Cancer biomarkers offer a great potential for improving the management of cancer at every point from screening and detection, diagnosis, staging, prognosis, and assessment of treatment response.20 Biomarkers offer the hope of early detection as well as tracking cancer progression and recurrence.66 Early detection may help improve survival of HIV-positive cancer patients, as it could help identify HIV-positive individuals at most risk of cancer development distinguish aggressive from indolent malignancies and track disease progression.

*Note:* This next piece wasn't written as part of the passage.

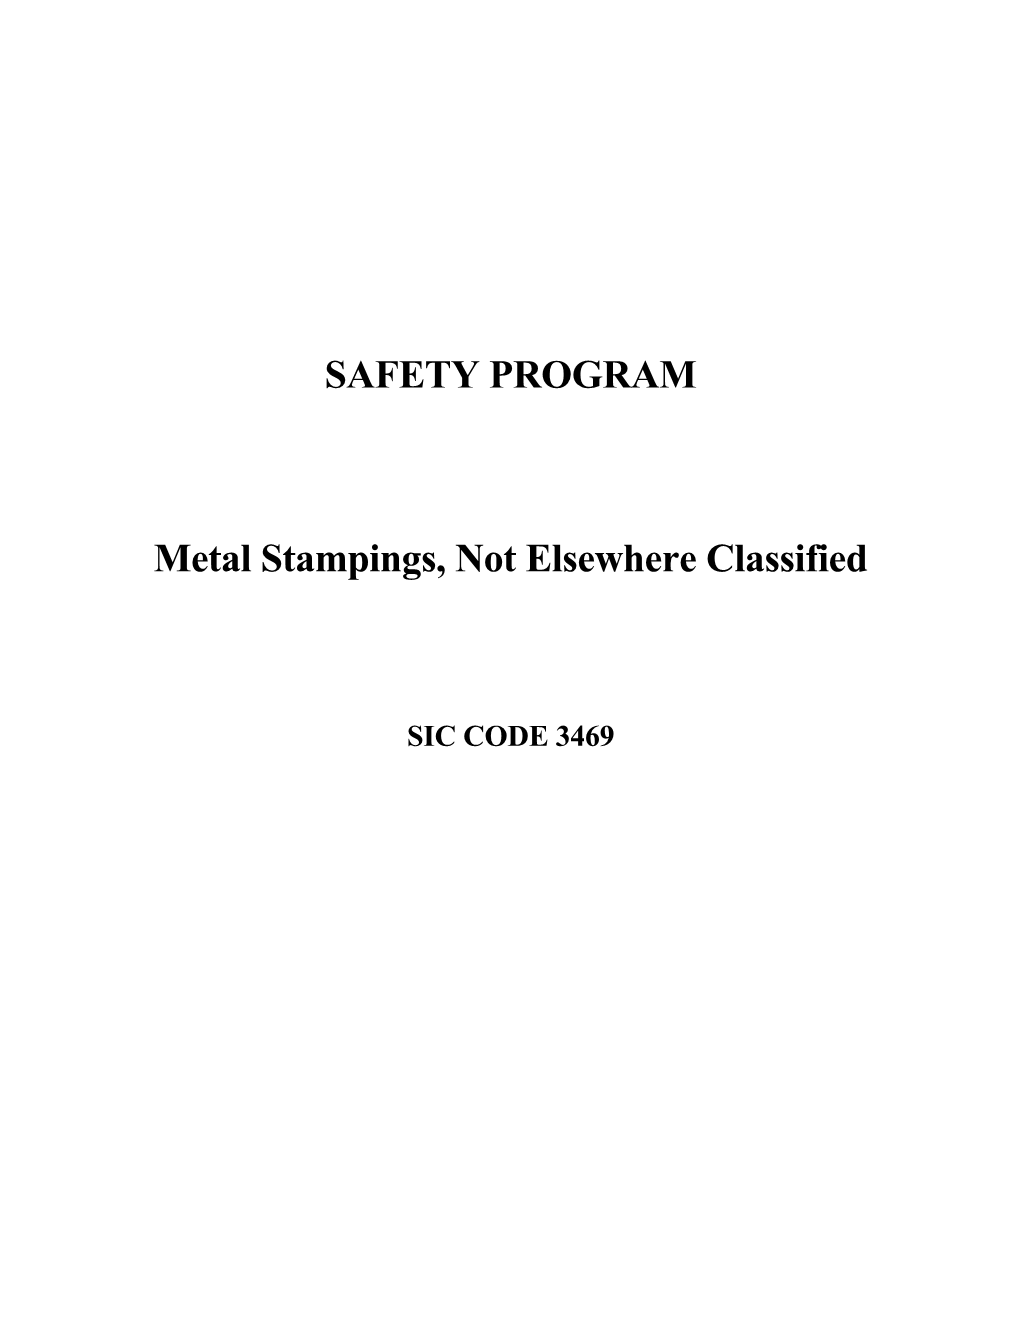 Metal Stampings Safety Program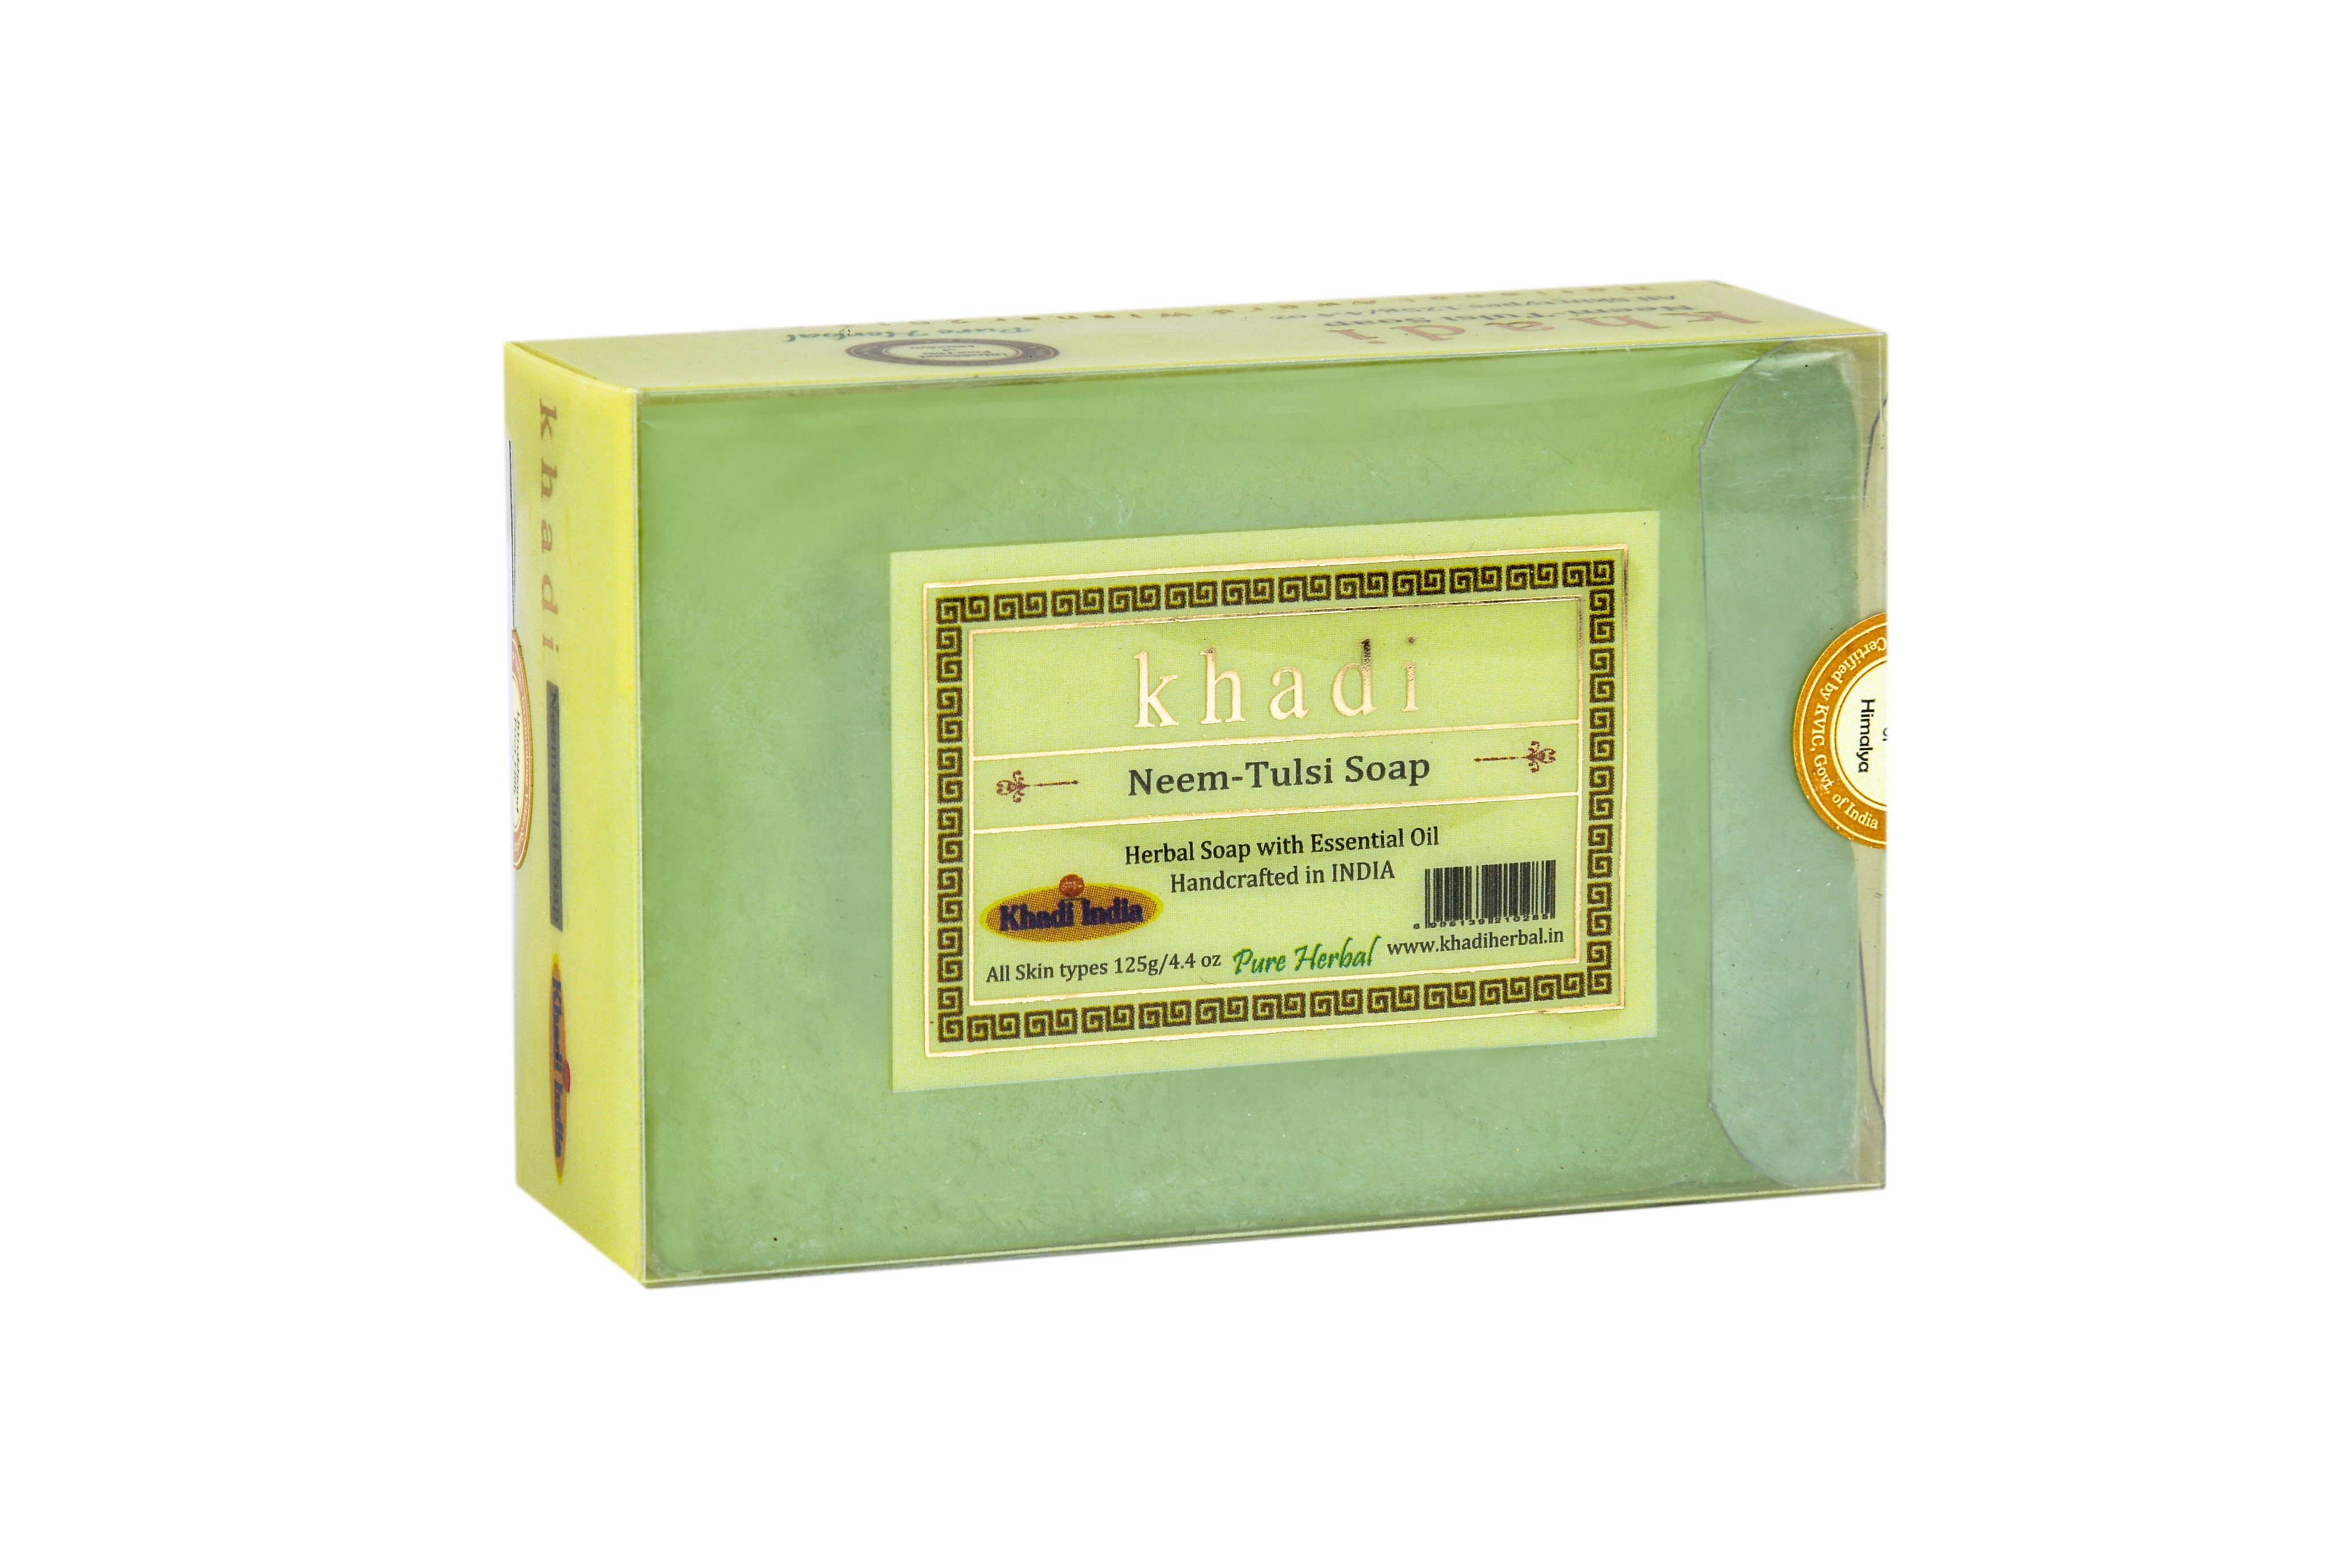 Khadi NEEM-TULSI SOAP, Khadi India (НИМ-ТУЛСИ МЫЛО ручной работы с эфирными маслами, Кхади Индия), 125 г.

Discovery of new biomarkers suitable for clinical application may aid the diagnosis and classification of cancer, which in turn, should lead to better patient stratification.140 Biomarkers do not need to be cancer specific to be useful; certain proteins may help predict response to therapy or aid in the monitoring of disease progression.141 As cancer is increasingly defined by dysregulated pathways, relevant biomarkers may cut across tumor types without showing tissue specificity. Abundance of potential cancer biomarkers have been discovered, however, only few of them have been integrated into clinical practice. This is due to the fact that some of these biomarkers are not highly sensitive and specific for cancer detection. It is well recognized that the road from biomarker discovery, validation, and regulatory approval to the translation into clinical setting could be long and difficult.11

A new era is underway in which cancer detection, diagnosis, and treatment will be guided increasingly by the molecular attributes of the individual patient.142 The future of cancer therapy lies in the use of biomarkers that offer the potential to identify and treat cancer years before it is either visible or symptomatic. In addition, the future of cancer management is expected to be profoundly dependent upon the use of biomarkers that will guide physicians at every step of disease management.143 Cancer biomarkers can be used for the accurate evaluation and management of the disease.